AMD: Speculation, Rumors, and Discussion (Archive)

Status
Not open for further replies.
There is not any third-party benchmark could proof the “aggressive primitive culling” that AMD said introduced in Polaris so far.
At least strips seem to be much faster. I would assume that strip cut indices have a fast path now. Also degenerate triangles (common in non-indexed strips) should be much faster now (degenerate = zero area -> culled by primitive discard accelerator).
http://techreport.com/review/30328/amd-radeon-rx-480-graphics-card-reviewed/5

I remember some polygon throughput benchmark test results (few years back) where Nvidia was beating AMD badly in cases where most of the triangles were zero area or hidden. Unfortunately I can't find the results anymore and I don't remember the name of the benchmark.
So what exactly do you want to see changed? Just more ROPs?
Isn't rasterization something that's entirely hidden?
Yes the rasterizer is hidden, but can be a performance bottleneck, especially when there's lots of small triangles hitting the same area. Nvidia's tiled rasterizer is an elegant way to combat this issue. Maxwell was a big efficiency improvement for Nvidia. I would prefer more efficient rasterizer, but more ROPs wouldn't hurt either. Fury X had much higher bandwidth and more CUs than high end Radeon 300 series cards, but identical number of ROPs. Compute performance was not a problem for Fury X, filling the compute units with work was the real problem. Fixed function bottlenecks need to be solved in order to utilize the compute units better. Both the geometry pipeline and the rasterizer are still behind Nvidia.

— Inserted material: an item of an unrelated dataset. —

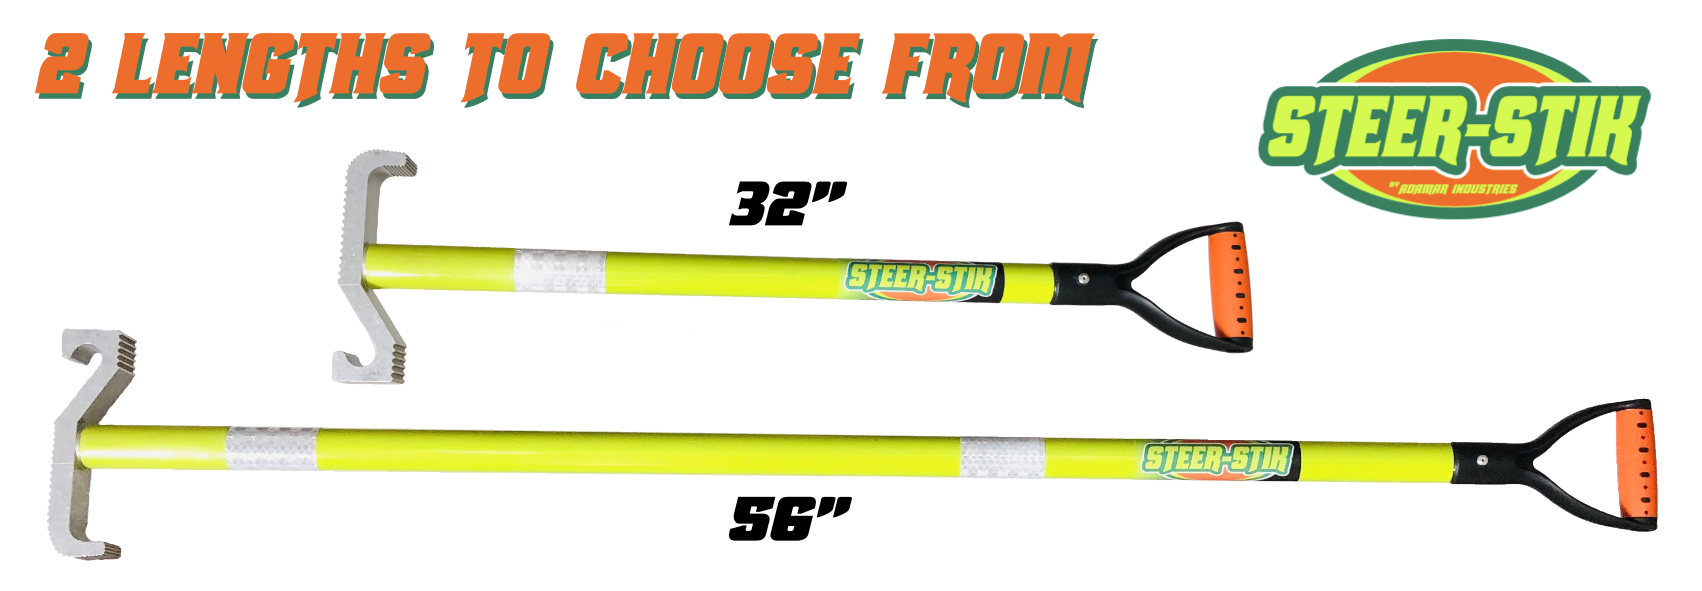 Grappler 18 - Hook Tool. Lightweight Hand Safety Tool Used To Hook, Pick,  Push, Pull, Guide and Control. Material handling tools. Use It On Chain,  Wire Rope, Suspended Loads, Rigging, Pipes, Chain
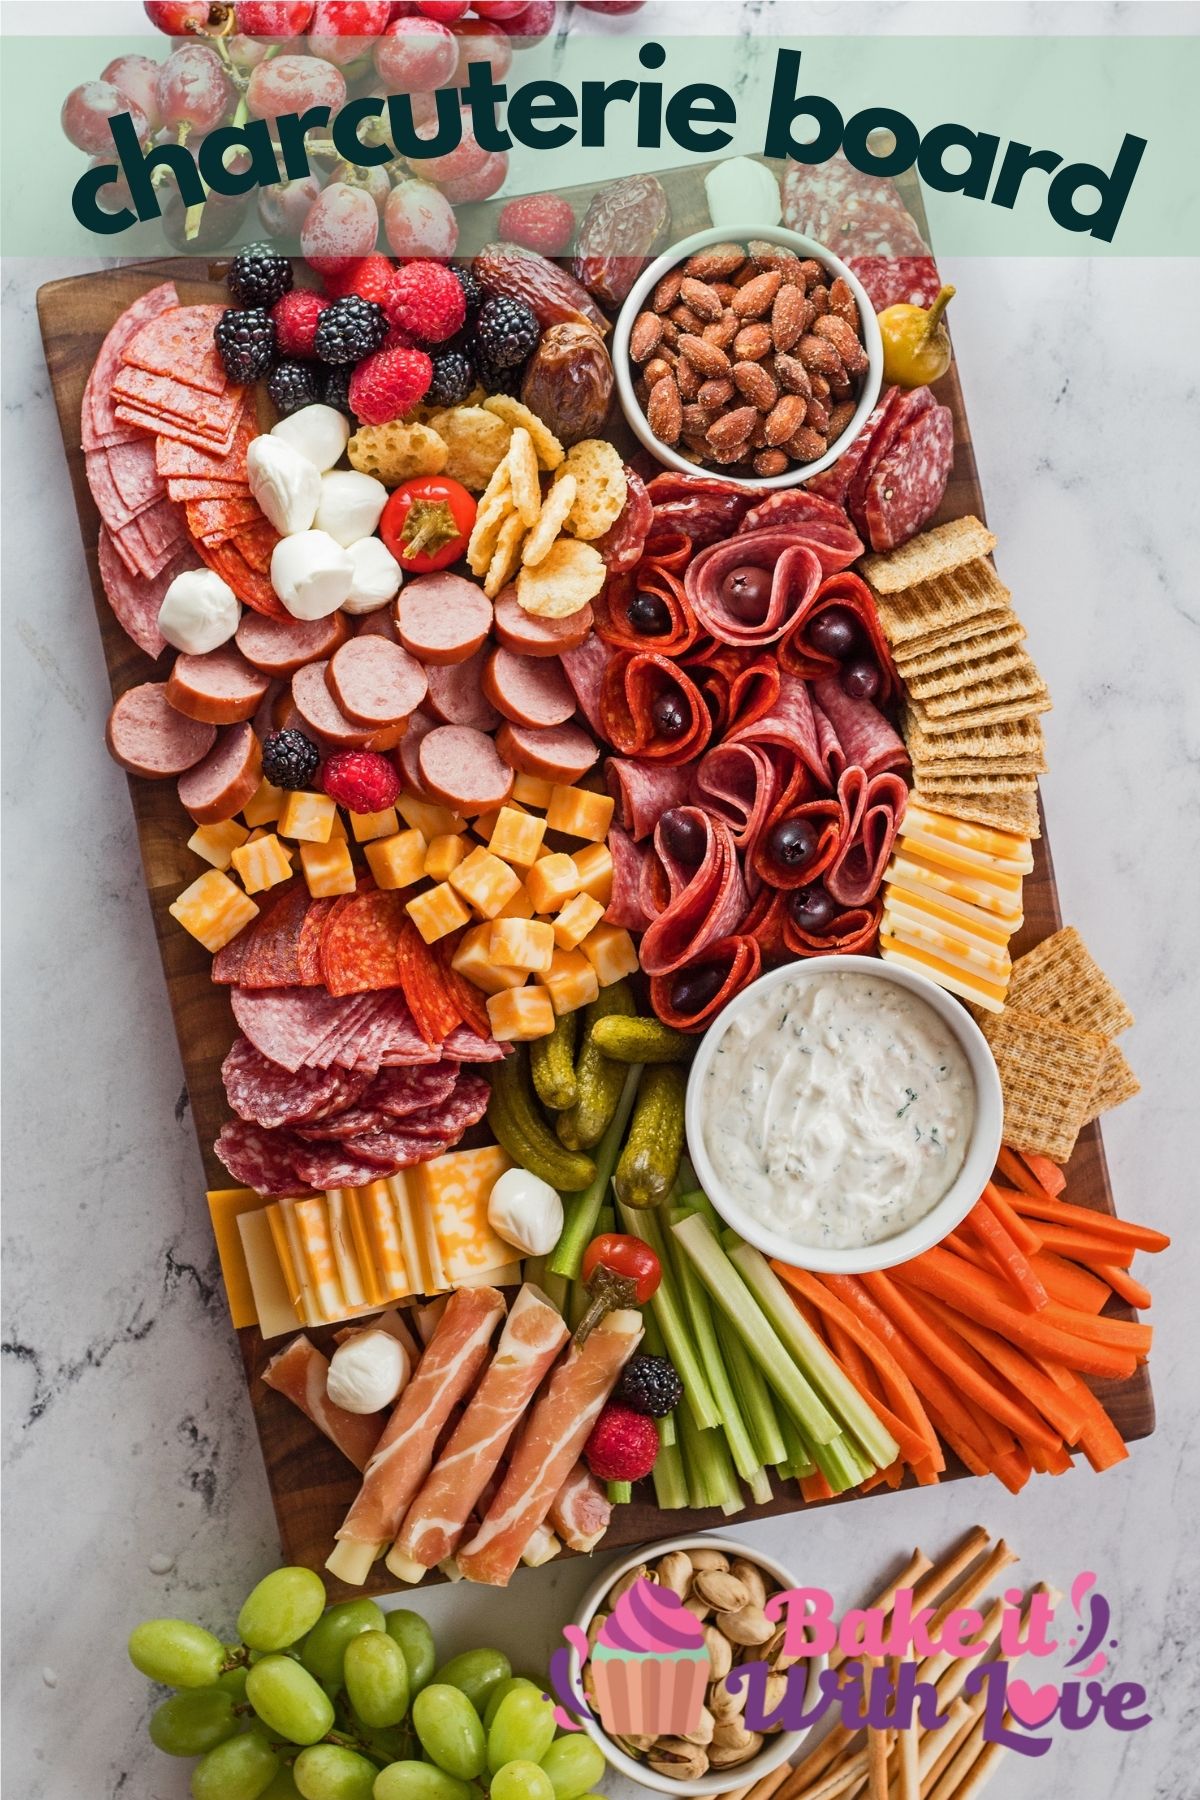 Charcuterie Board (from Simple to Holiday Centerpiece!) - Recipes

DCC in Tonga (and Polaris DCC improvements) is a nice boost for GPU utilization. GCN 1.0/1.1 had to perform several decompression steps (fast clear elimination, depth decompress, MSAA decompress, etc) during the frame. New AMD cards can directly read DCC data. Decompress steps are awkward, since you need to wait for GPU idle twice (rasterizer work finished, decompress finished) before you can start reading the texture.
 
Wasn't that before the 16mn got delayed several years?

20nm have been removed ( this should have been allready used on Maxwell and Hawaii period ), but 16nm was seems on track for me. This said, 2013 and 2014 GTC was still speak about Volta, Pascal have take the place between Maxwell and Volta in 2015.

But as for my post, this was just for show, that AMD showing a roadmap with Polaris and Vega name in december, then giving more details the following months is really not a big deal compared to Nvidia who can "tease and show slides of their future architectures " several years before. ( with the peak on GTCmarch 2015 showing Pascal, performance figures and even the "gpu". )
 
Last edited:
Can someone wake me up when I can get a 470 or 480 non-ref at MSRP and in stock?
 
  • Like
Reactions: xEx
Can someone wake me up when I can get a 470 or 480 non-ref at MSRP and in stock?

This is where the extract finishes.